Prompt:
Everything in the listing below from the line containing "The North Face" through the line containing "Stephan Bonnar ahead" must be repeated exactly; the remaining lines are not wanted.

Materials provided:
***
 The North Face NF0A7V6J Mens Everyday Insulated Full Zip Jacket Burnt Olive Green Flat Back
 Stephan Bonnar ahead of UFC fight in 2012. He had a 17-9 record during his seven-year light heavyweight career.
***
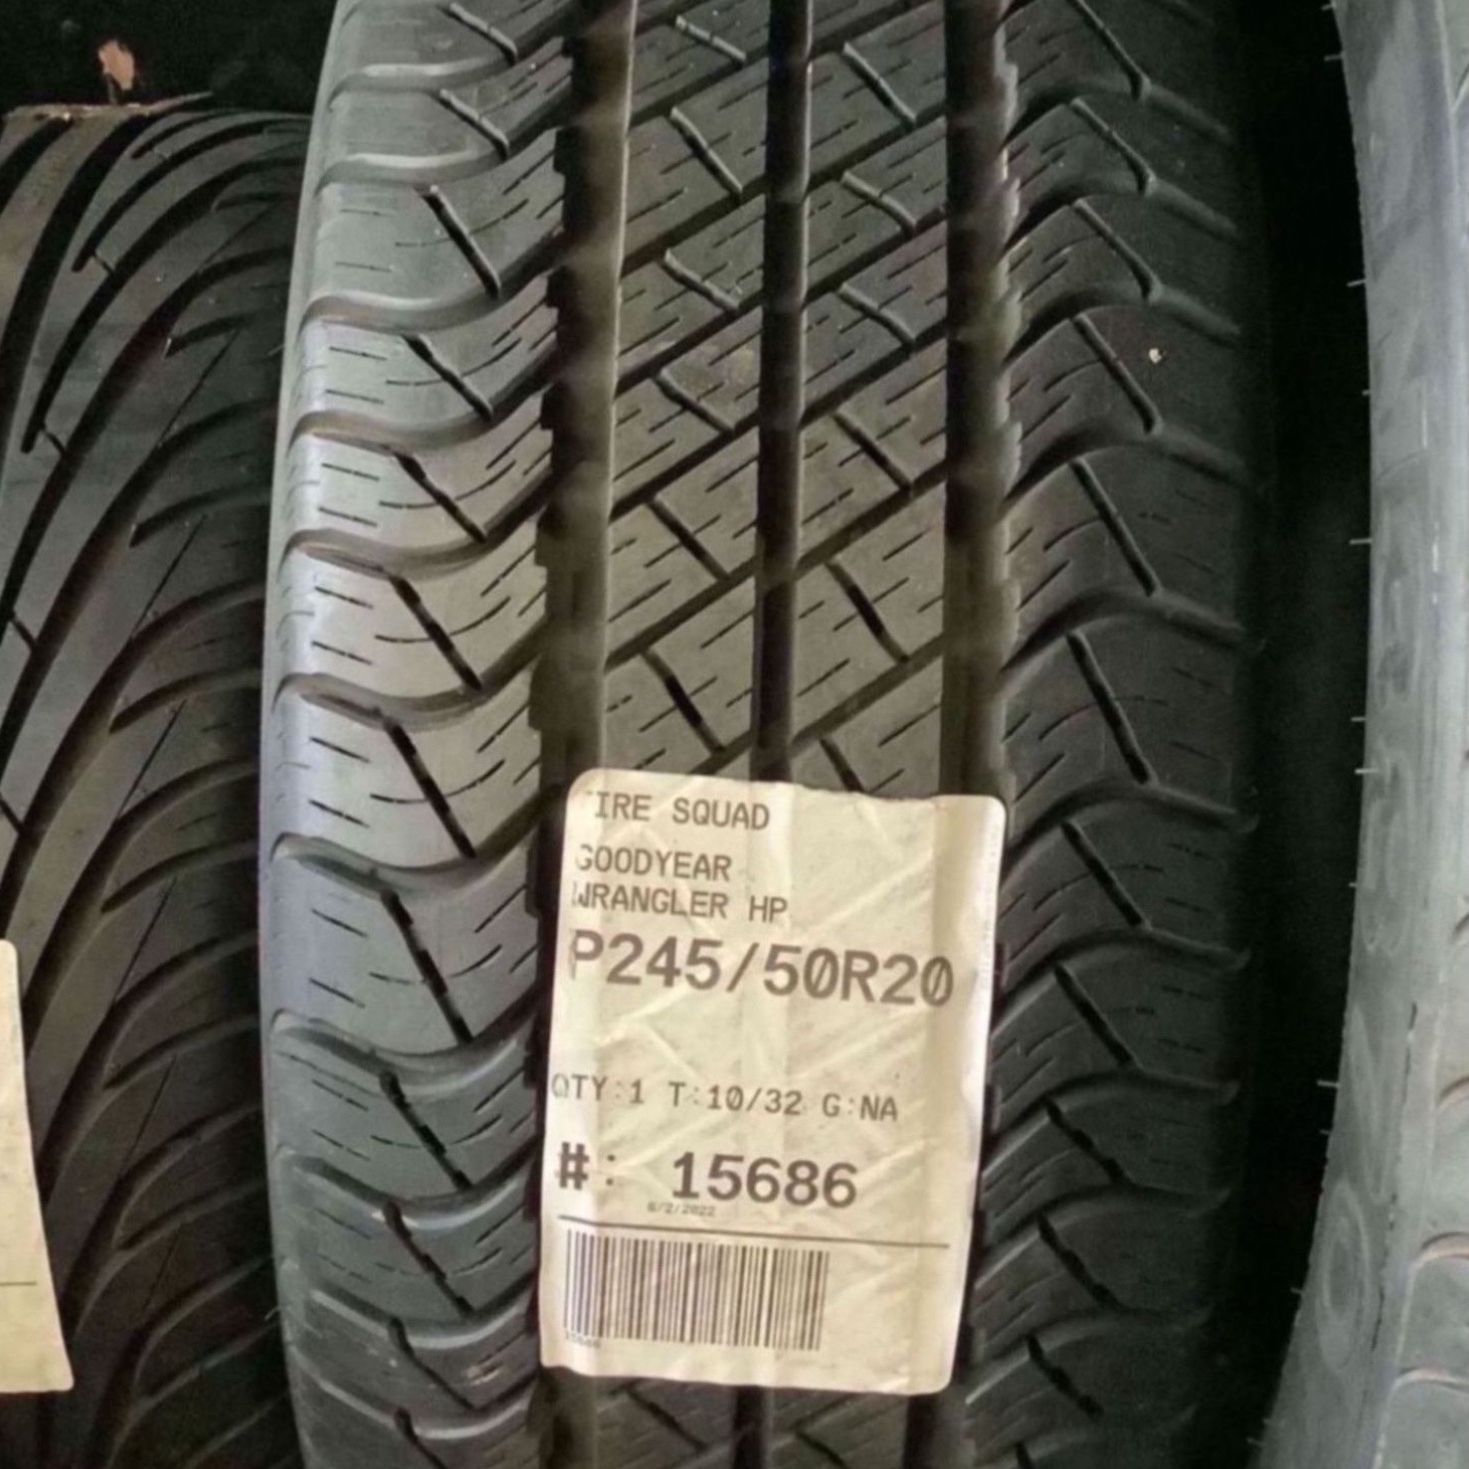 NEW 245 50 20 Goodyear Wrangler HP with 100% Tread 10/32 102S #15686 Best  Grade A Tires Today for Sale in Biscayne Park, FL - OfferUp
***
Expected answer:
 The North Face NF0A7V6J Mens Everyday Insulated Full Zip Jacket Burnt Olive Green Flat Back
 Stephan Bonnar ahead of UFC fight in 2012. He had a 17-9 record during his seven-year light heavyweight career.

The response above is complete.